The FDA has accepted and granted priority review to an application for nivolumab (Opdivo, Bristol Myers Squibb) combined with chemotherapy as a first-line treatment of metastatic gastric cancer, gastroesophageal junction cancer (GEJ) and esophageal adenocarcinoma. 

The Agency has also granted priority review to a separate application for nivolumab as an adjuvant therapy for patients with resected esophageal or GEJ cancer. 

The FDA based these designations on results from the CheckMate-649 and CheckMate-577 trials. 

“Today’s filing acceptance by the FDA marks important progress for the gastrointestinal cancer community and builds on our momentum of advancing immunotherapies to help improve the lives of those with advanced gastric and esophageal tumors,” Ian M. Waxman, MD, development lead of gastrointestinal cancers at Bristol Myers Squibb, said in a press release. “The positive results of the CheckMate -649 trial are potentially practice-changing, and we look forward to working with the FDA to possibly bring the first immunotherapy-based treatment option to front-line patients, for whom no novel therapies have been made available in the last decade.”

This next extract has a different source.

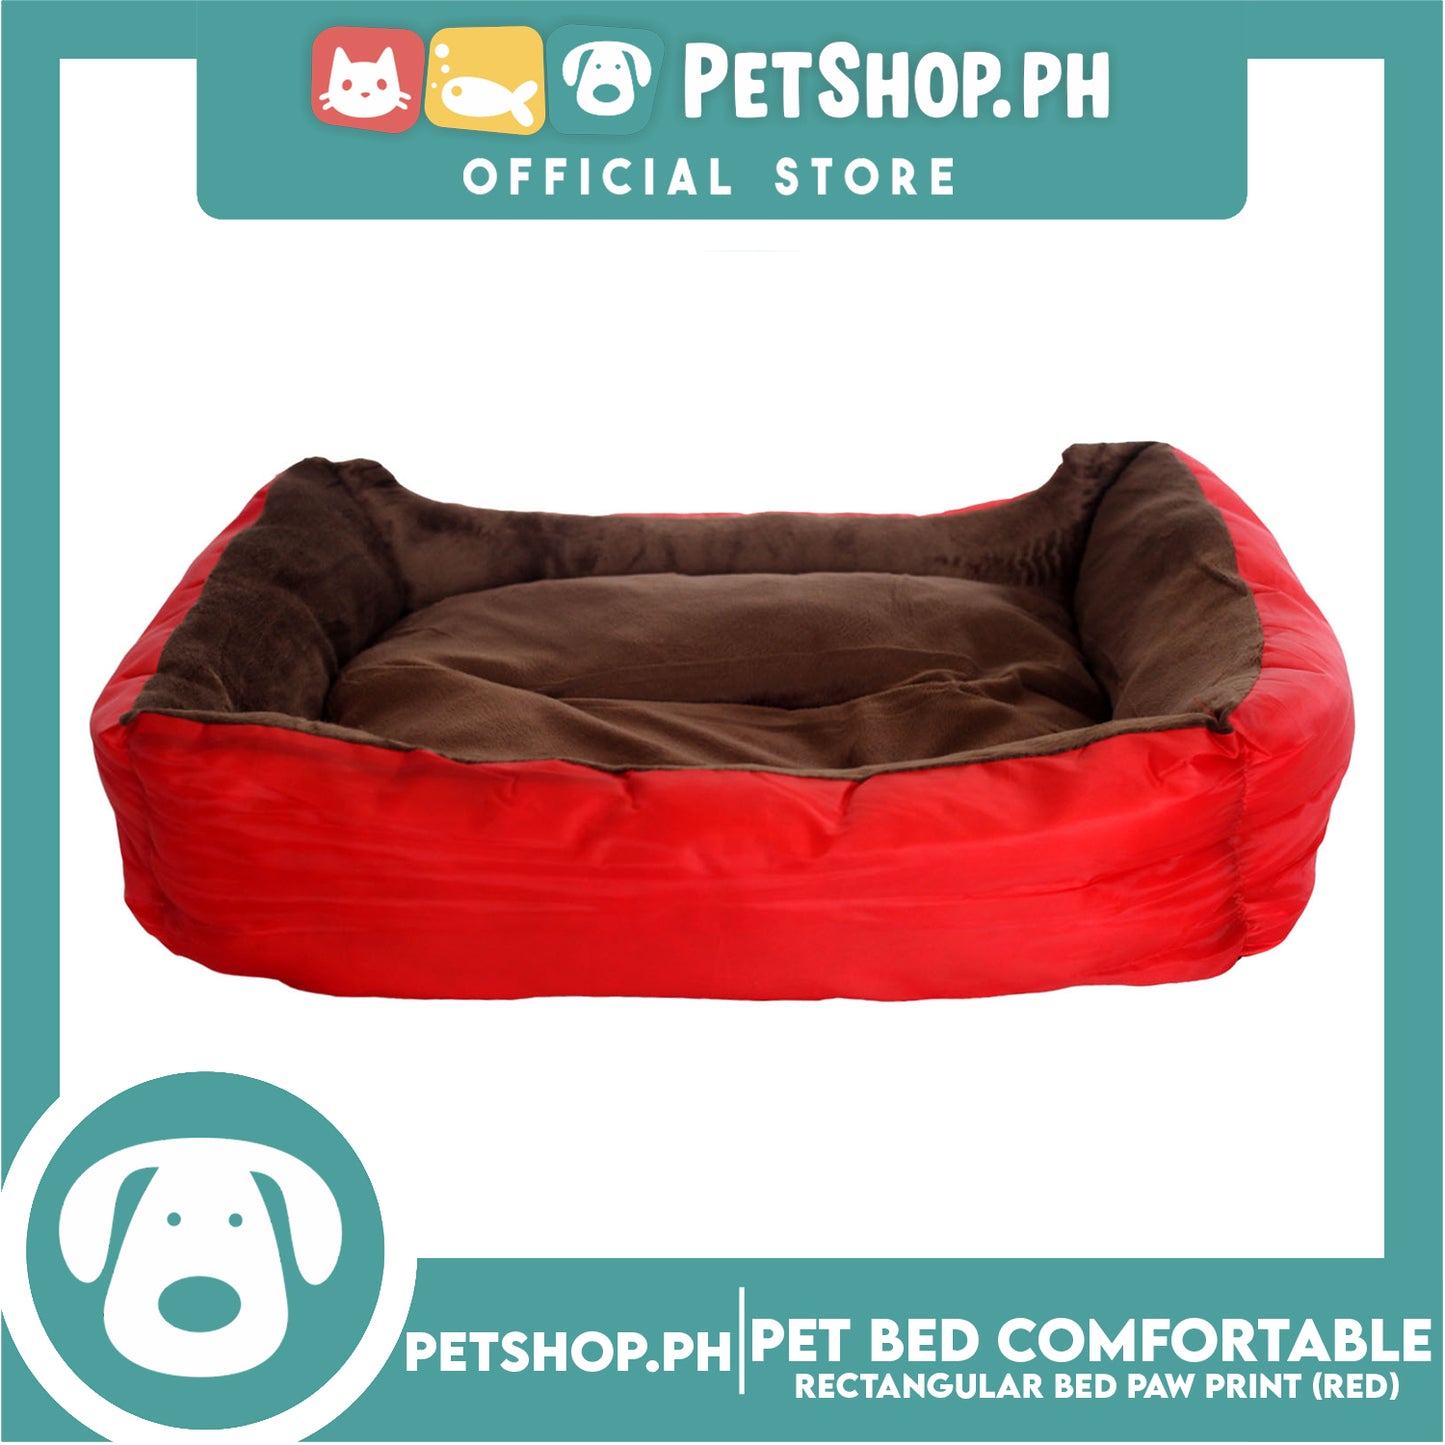 Pet Bed Comfortable Rectangular Pet Bed with Paw Print 50x40x12cm Small for Dogs & Cats (Red)

The phase 3 CheckMate-649 trial evaluated nivolumab plus FOLFOX or CapeOX chemotherapy  compared with chemotherapy alone in patients with previously untreated, non-HER2-positive, advanced or metastatic gastric or GEJ cancer or esophageal adenocarcinoma. 

Researchers reported a statistically significant improvement in overall survival and progression-free survival among patients with a PD-L1 combined positive score of 5 or greater. 

The phase 3 CheckMate-577 trial assessed nivolumab as an adjuvant therapy in 794 patients with resected esophageal or GEJ cancer who have received neoadjuvant chemoradiation therapy and have not achieved a pathological complete response. Study results found nivolumab doubled median disease-free survival versus placebo in the study population. 

Follow-up for overall survival is ongoing. 

The FDA assigned a Prescription Drug User Fee Act goal date of May 2021 for both applications.